A Study of Risperidone in Children, Adolescents and Young Adults with Autistic Disorder

Principal Investigator: Elaine Tierney

This study seeks to reactivate the following protocols under one new RPN during the post-study analyses phase of these studies: 04-06-03, 99-04-06-02, 99-05-14-01, and 01-04-16-04.

Due in part to recent developments regarding the etiology of autism, this study seeks to use archived serum samples (collected as part of RPN # 99-04-06-03) for examination of cytokine profile and copper:zinc ratio of 101 subjects with autism who participated in the U.S. RUPP AUTISM Risperidone trial (n = 23 screened with 15 randomized at K.K.I.).

Since the conclusion of the study, additional reports have been developed from these samples and several more are in preparation.
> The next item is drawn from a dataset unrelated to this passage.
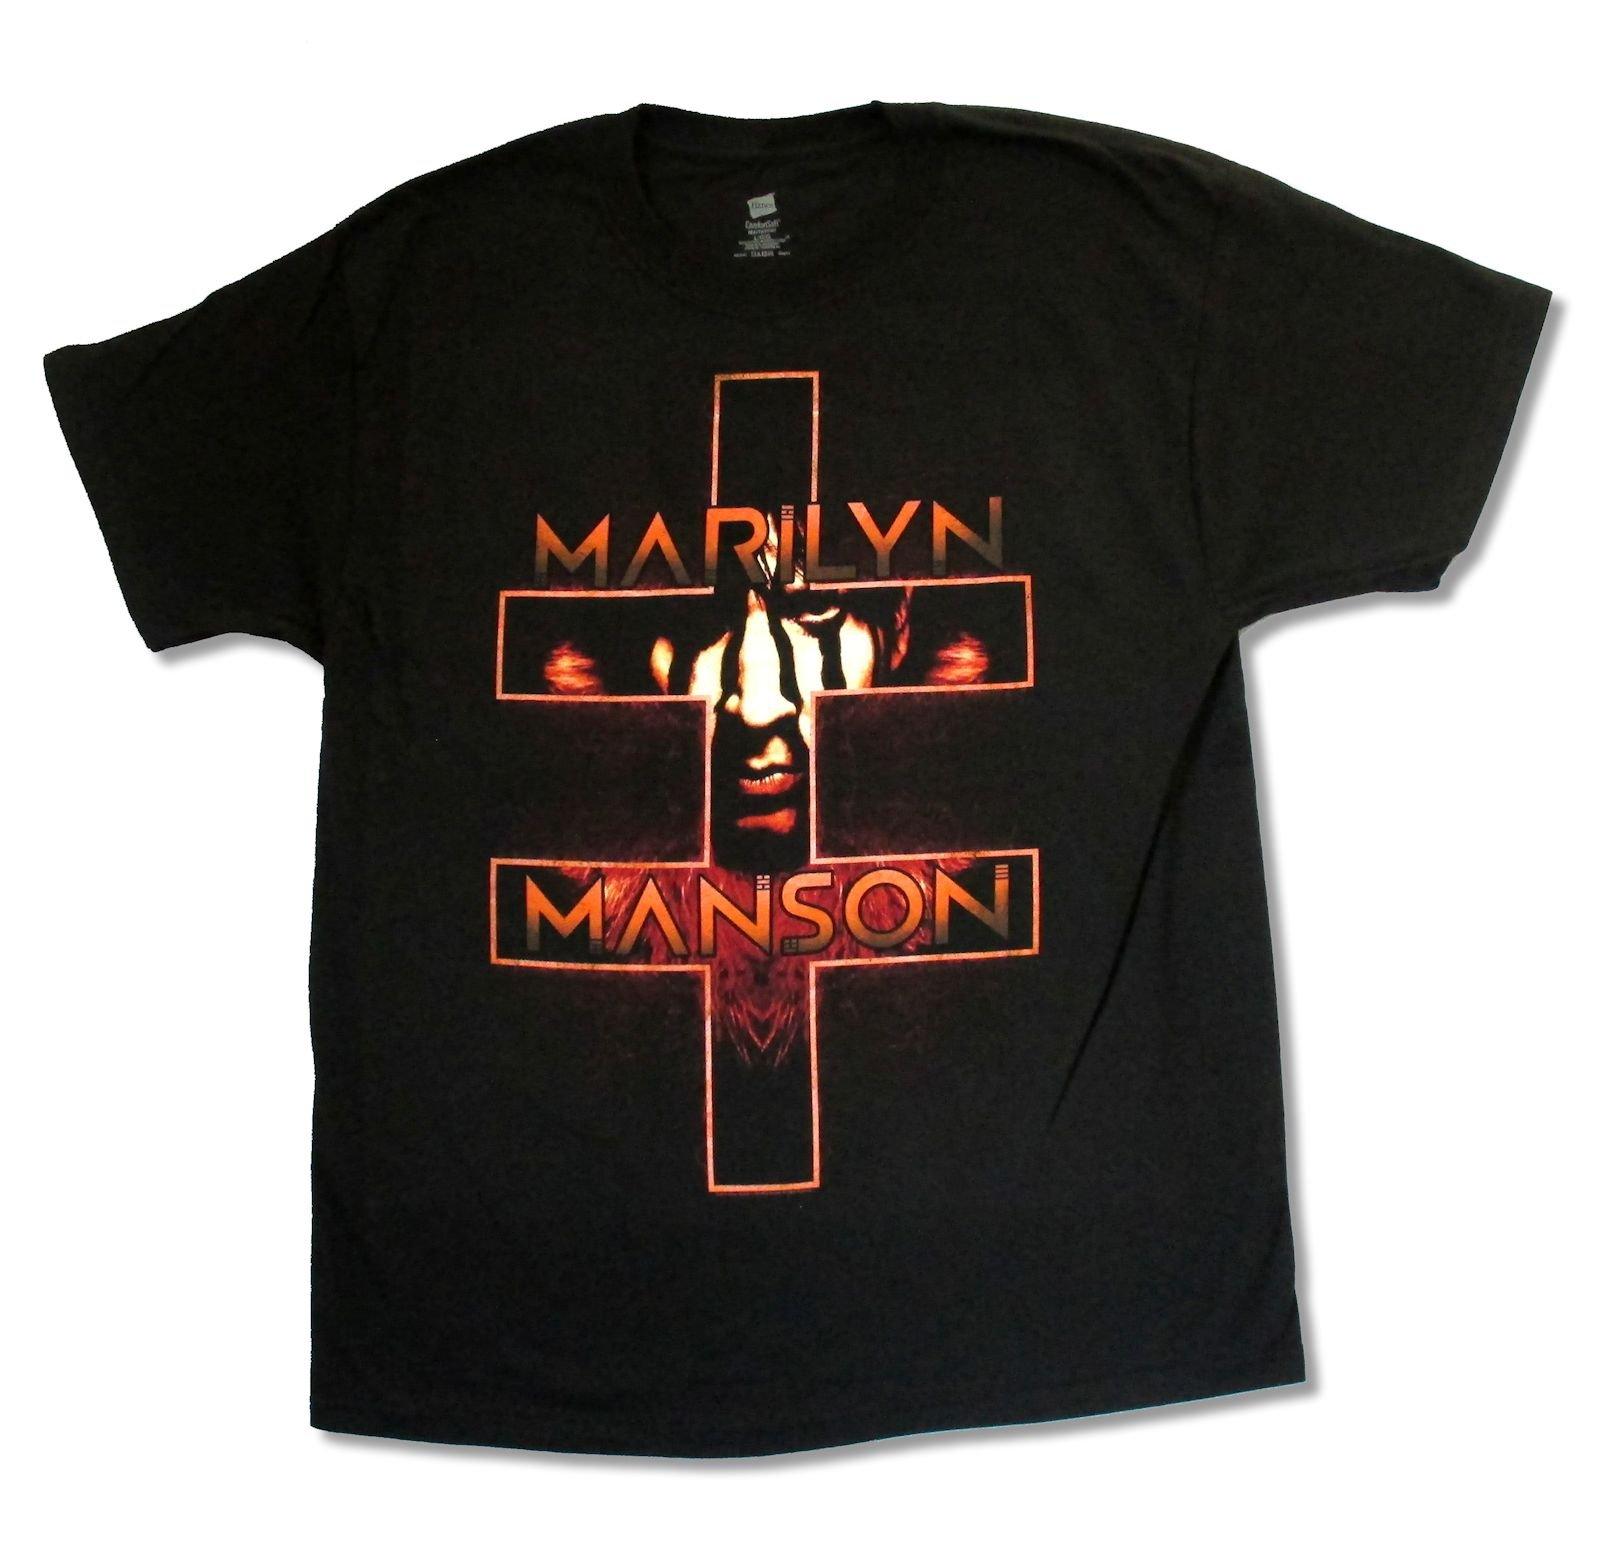 Adult Marilyn Manson Double Cross Tour T Shirt 3603

We still have remaining samples that could be used to further examine leads that have emerged since we completed the trial. 
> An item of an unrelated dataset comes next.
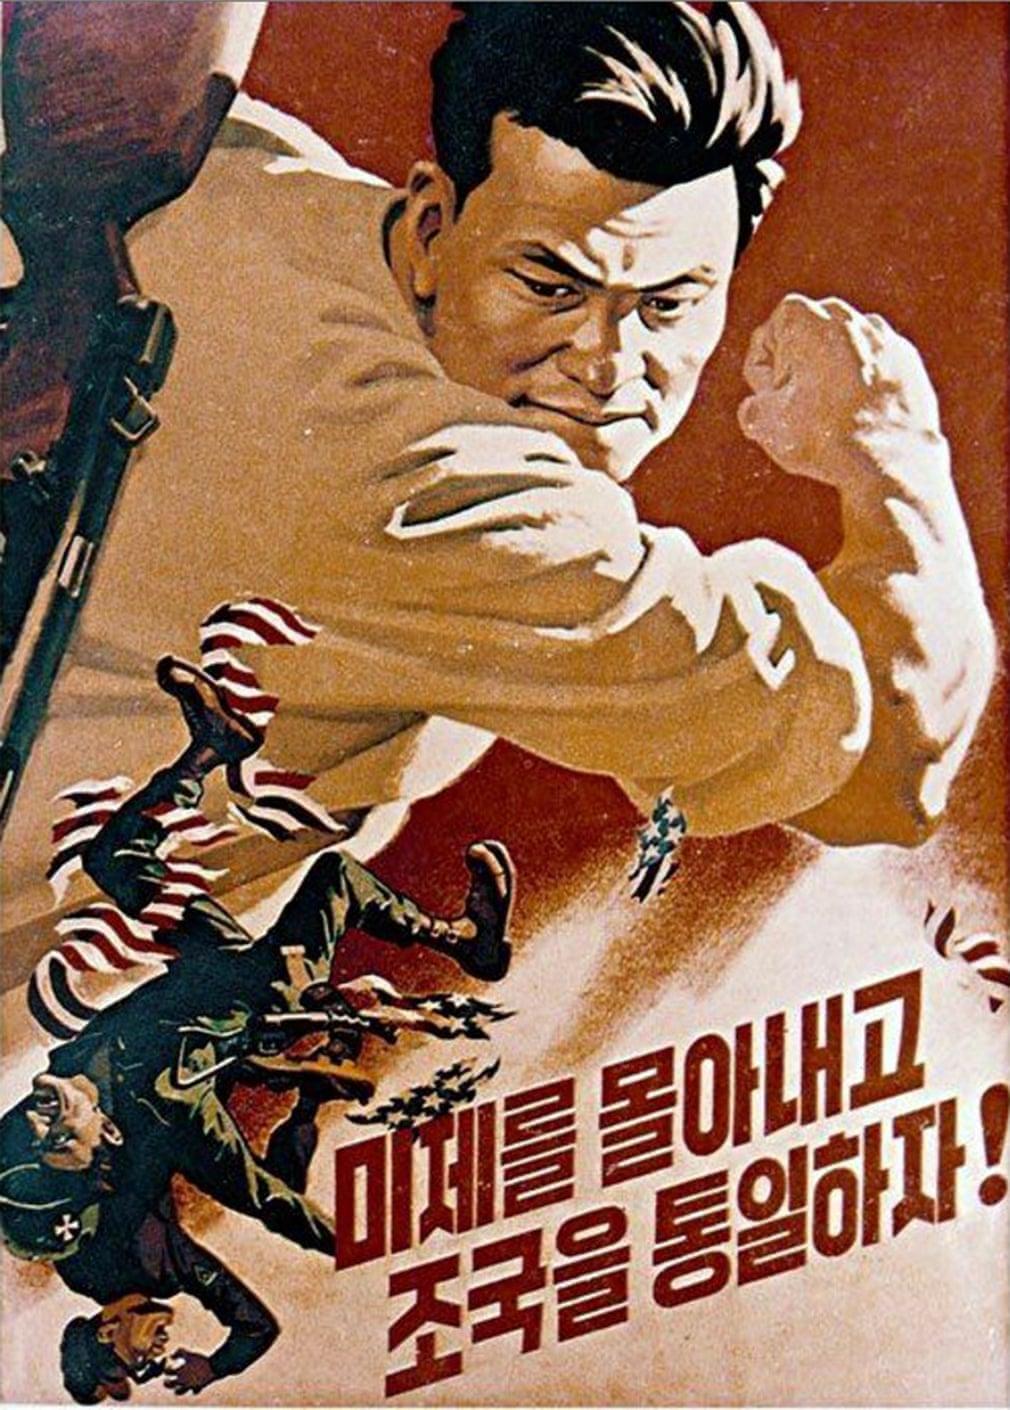 Póster de Corea del Norte, titulado

We also wish to obtain an Alteration or waiver of informed consent. The consent form for # 99-04-06-03 noted that the purpose of the blood test was to examine the association of specific genes with drug response and for safety purposes (e.g., serum prolactin), but did not specifically list cytokine profile and copper:zinc ratio testing as we are just now realizing may produce significant information. 

Please note: Throughout the study, these blood samples were sent to UCLA within 24 hours of their collection. The samples KKI sent to UCLA included the subject number, initials, sample collection date and date of birth only. As part of the original protocol, these samples were sent from UCLA to Yale University for analyses and storage in their freezer. 

The stored samples are documented by ID number only. The data set includes the same ID number, subject initials and date of birth (to calculate age) only. No new subjects will be seen as part of this protocol.